本案例适合应用统计,数据科学,电商专业
K均值对客户进行分类的案例都做烂了......但我认为这个案例还是有一定的价值的,使用了pca,还有轮廓系数寻找最优的聚类个数。
下面来看看
代码准备
导入包
import numpy as np
import pandas as pd
import matplotlib.pyplot as plt
import seaborn as sns
pd.set_option('display.max_columns', None)
读取客户的特征数据,就是每个客户买不同种类的商品的消费金融
category_spends = pd.read_csv("category_spends_sample.csv")
category_spends.fillna(0, inplace=True)
print(category_spends.shape)
category_spends.head()
可以看到总共有3000个客户,
下面把这3000客户的消费记录都读取进来
baskets_sample = pd.read_csv("baskets_sample.csv")
baskets_sample.fillna(0, inplace=True)
print(baskets_sample.shape)
baskets_sample.head()
可以看到这3000个客户有19w的消费记录。
查看一下是不是3000个客户
baskets_sample['customer_number'].unique().shape
没问题。
然后我们需要构建一个特征,表示客户的最近一次消费的时间,就是FRM模型里面的R,
recent =baskets_sample.groupby('customer_number').agg({'purchase_time': 'max'})
recent['purchase_time']= pd.to_datetime(recent['purchase_time'])
recent.head()
然后处理一下
recent=recent.assign(recency=pd.to_datetime('2007-08-31 21:55:00')-recent['purchase_time'])
recent = recent.reset_index()[['customer_number','recency']]
recent['recency']=recent['recency']/pd.Timedelta(days=1) #变成天
recent = recent.drop_duplicates()
recent.head()
这样客户就多了Recency这个特征,然后再读取一个顾客消费金融的数据集
customers_sample = pd.read_csv('customers_sample.csv')
customers_sample.fillna(0, inplace=True)
print(customers_sample.shape)
customers_sample.head()
就是每个客户的一些特征。
总之上面的事情都是在提取客户的特征。
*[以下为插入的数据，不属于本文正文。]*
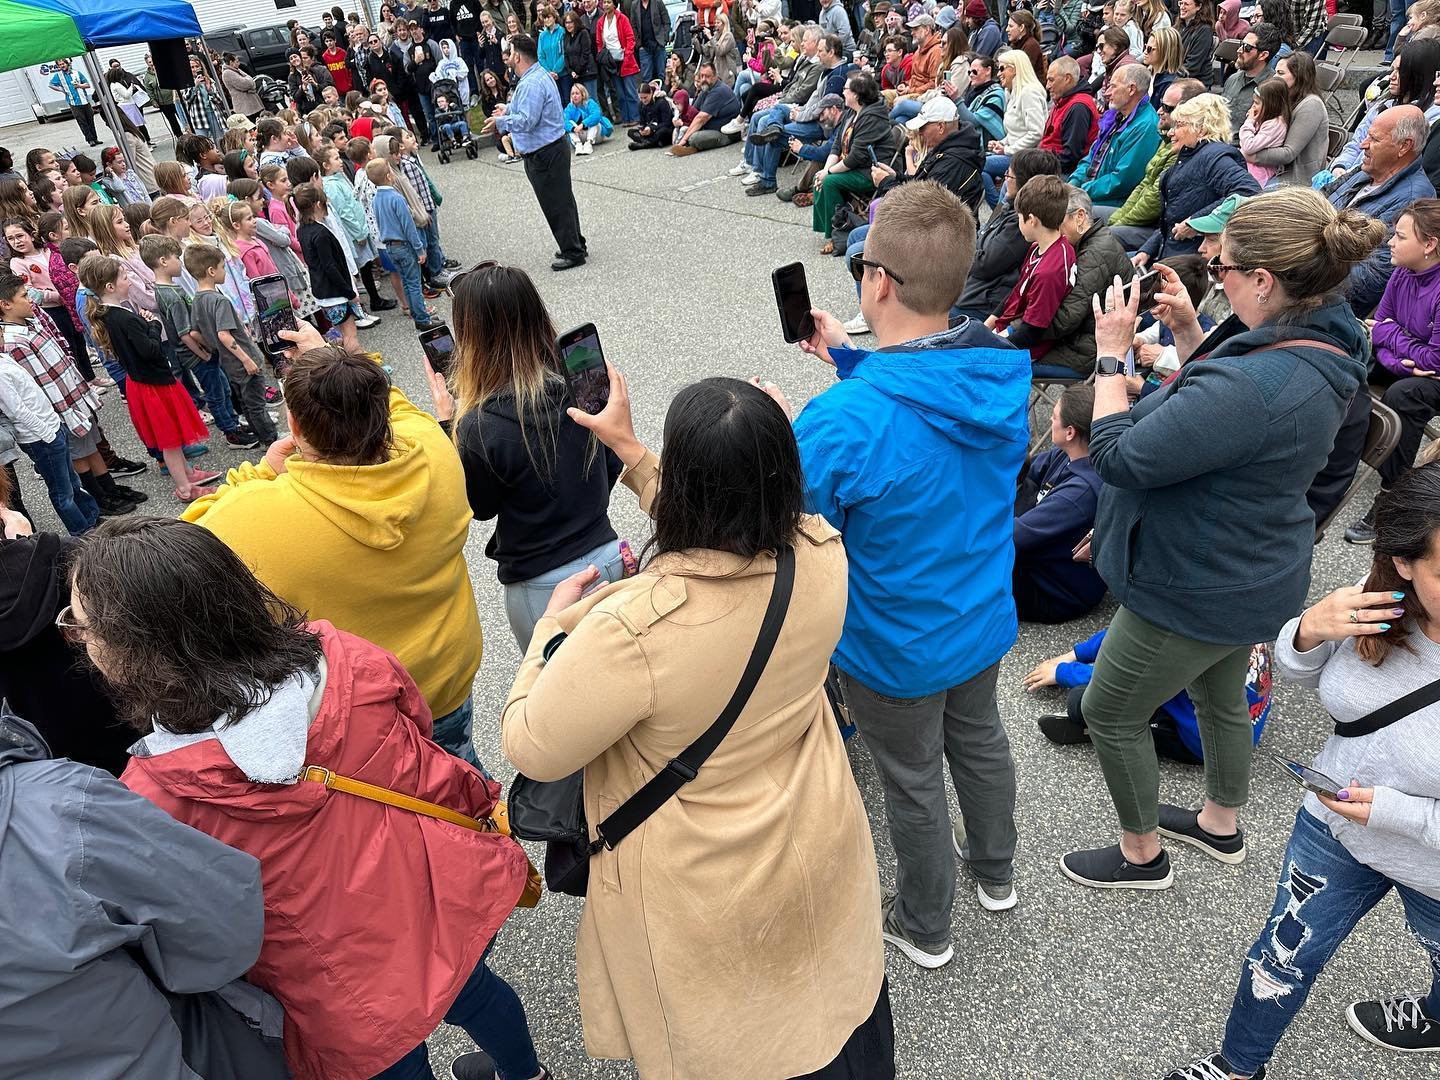 Arts Fest shout out: thank you to all of the FAMILIES who came out together today to see art, hear music, create together, and have fun! You all braved an iffy forecast, and we appreciate you braving the wind and the chill to celebrate your kids.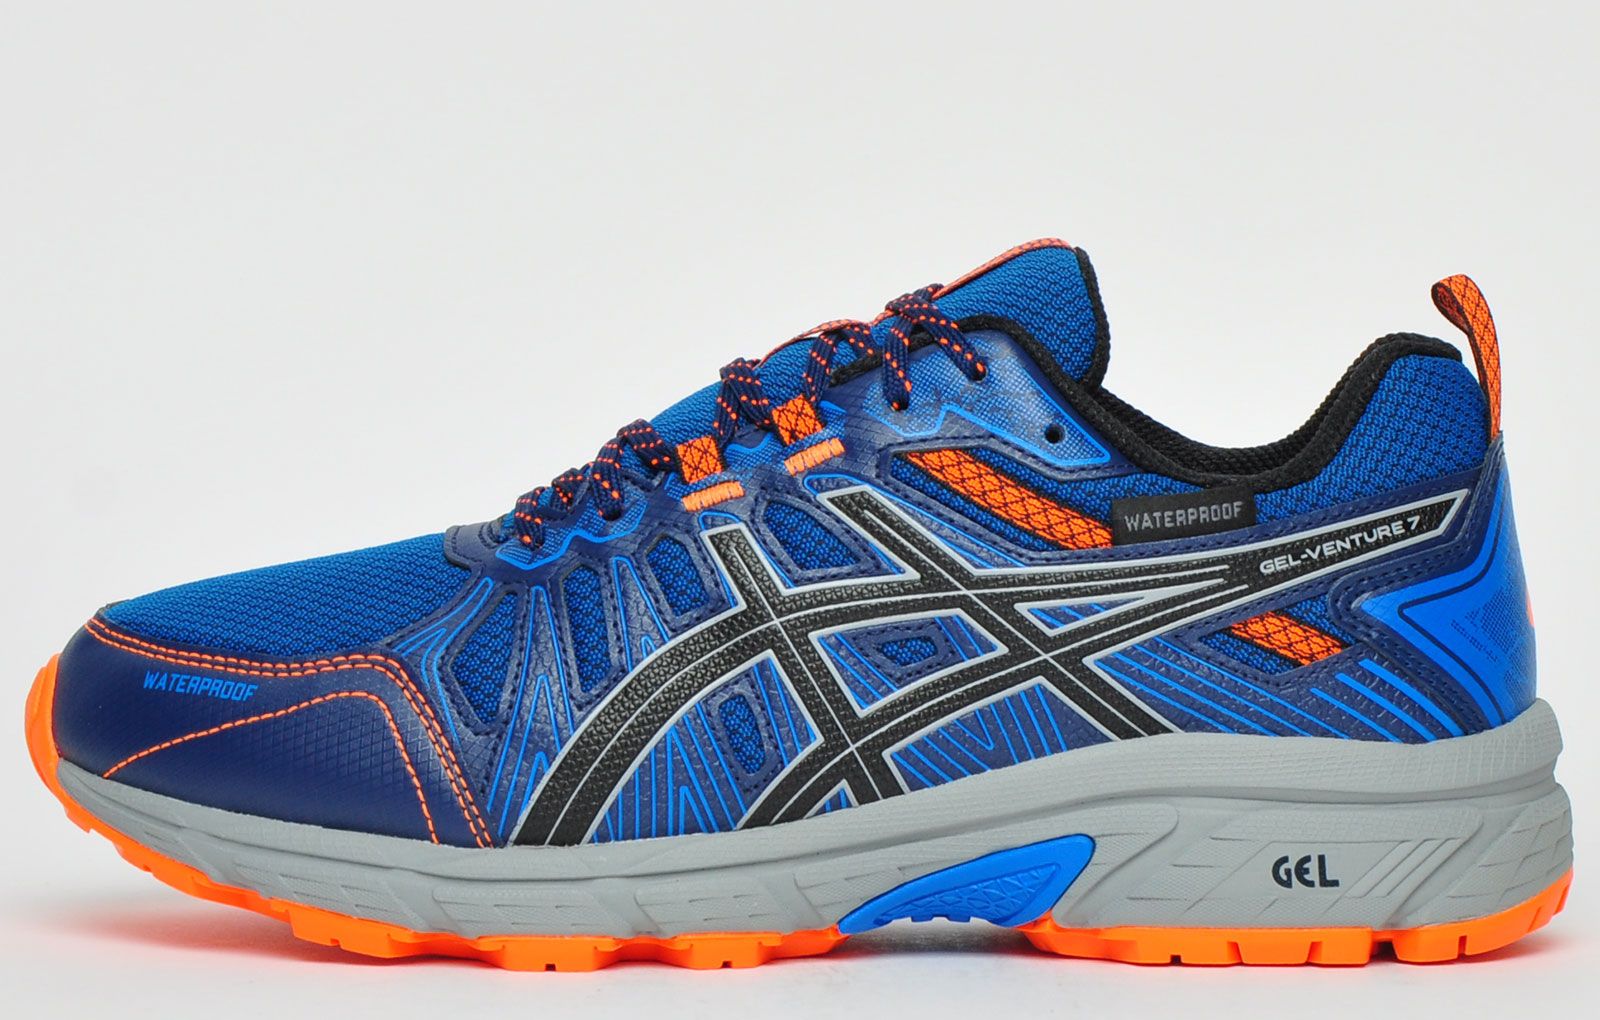 <p>These Asics Gel Venture 7 men’s all-terrain waterproof running shoes will provide excellent support and traction no matter what comes your way. Featuring a practical lugged outsole that offers grip on uphill and downhill conditions. <br></p><p>Whether you’re a beginner or professional, these all terrain running shoes are perfect for you! Engineered from a fusion of textile mesh and synthetic materials, these Asics Gel Venture 7 men’s all-terrain running shoes feature a practical lightweight design with maximum performance capabilities, the Asics Venture 7 is a must have on and off-road shoe that will keep your feet dry and deliver a supportive comfortable ride wherever you go</p><p><br></p> <p> - Textile mesh upper construction enhances breathability </p> <p>- Supportive synthetic overlays deliver the perfect fit</p> <p> - Stitched Toe Bumper delivers extra protection against trail hazards</p> <p> - Padded inner delivers super comfy wear</p> <p> - Waterproof construction </p> <p>- Reaarfoot Gel cushioning system delivers shock resistance</p> <p> - Trustic system reduces weight whilst upkeeping the support </p> <p>- Asics Branding throughout</p>

把这些特征进行合并
data =pd.merge(category_spends, customers_sample, on='customer_number')
data=pd.merge(data, recent, on='customer_number')
customer_ID=data['customer_number']
data.drop(['customer_number'], axis = 1, inplace = True)
data.head()
然后下面对这些特征进行可视化
可视化图
data.hist(grid=False,figsize =(16,10))
plt.tight_layout()
plt.show()
相关性热力图
plt.figure(figsize=(18,18),dpi=128)
sns.heatmap(data.corr(), cmap="Oranges",annot=True)
plt.xticks(range(len(data.columns)), data.columns);
plt.yticks(range(len(data.columns)), data.columns);
plt.show()
删除一些不用的特征
data.drop(['average_spend','average_quantity','total_quantity'], axis = 1, inplace = True)
直方图
logged_data = np.log(data+1)
logged_data.columns = data.columns
logged_data.hist(grid=False, figsize=(15,13))
plt.show()
PCA主成分
进行pca降维
from sklearn.decomposition import PCA
pca = PCA()
pca.fit(logged_data)
print(data.columns)
print(len(data.columns))
print(pca.explained_variance_ratio_)
plt.plot(pca.explained_variance_ratio_.cumsum(), 'o-')
plt.xlabel('Principal Component')
plt.ylabel('Cumulative Proportion of Variance Explained')
plt.axvline(8, color='k', linestyle='--', linewidth=1)
plt.title('Cumulative PVE')
可以看到大概9个主成分就到了进80%的解释能力
拟合9个主成分,画图,表示每个主成分和原来的x的关系
#-- Generate a PCA factorization of your data
pca = PCA(n_components= 9)
pca.fit(logged_data)
#-- import a helpful set of functions to ease displaying results..
import renders as rs
#-- Generate a PCA results plot
pca_results = rs.pca_results(data, pca)
这个图可以清楚的看到每个主成分是员原来的X的如何的线性组合。
拟合
from sklearn.decomposition import PCA
pca = PCA(n_components=9)
pca.fit(logged_data)
print(data.columns)
print(pca.components_)
计算轮廓系数,寻找最佳的聚类个数
from sklearn.cluster import KMeans
from sklearn.metrics import silhouette_score
# Create range of clusters
range_n_clusters = list(range(5,8))
print(range_n_clusters)
range_score = []
# Loop through clusters
for n_clusters in range_n_clusters:
# TODO: Apply your clustering algorithm of choice to the reduced data
clusterer = KMeans(n_clusters=n_clusters).fit(reduced_data)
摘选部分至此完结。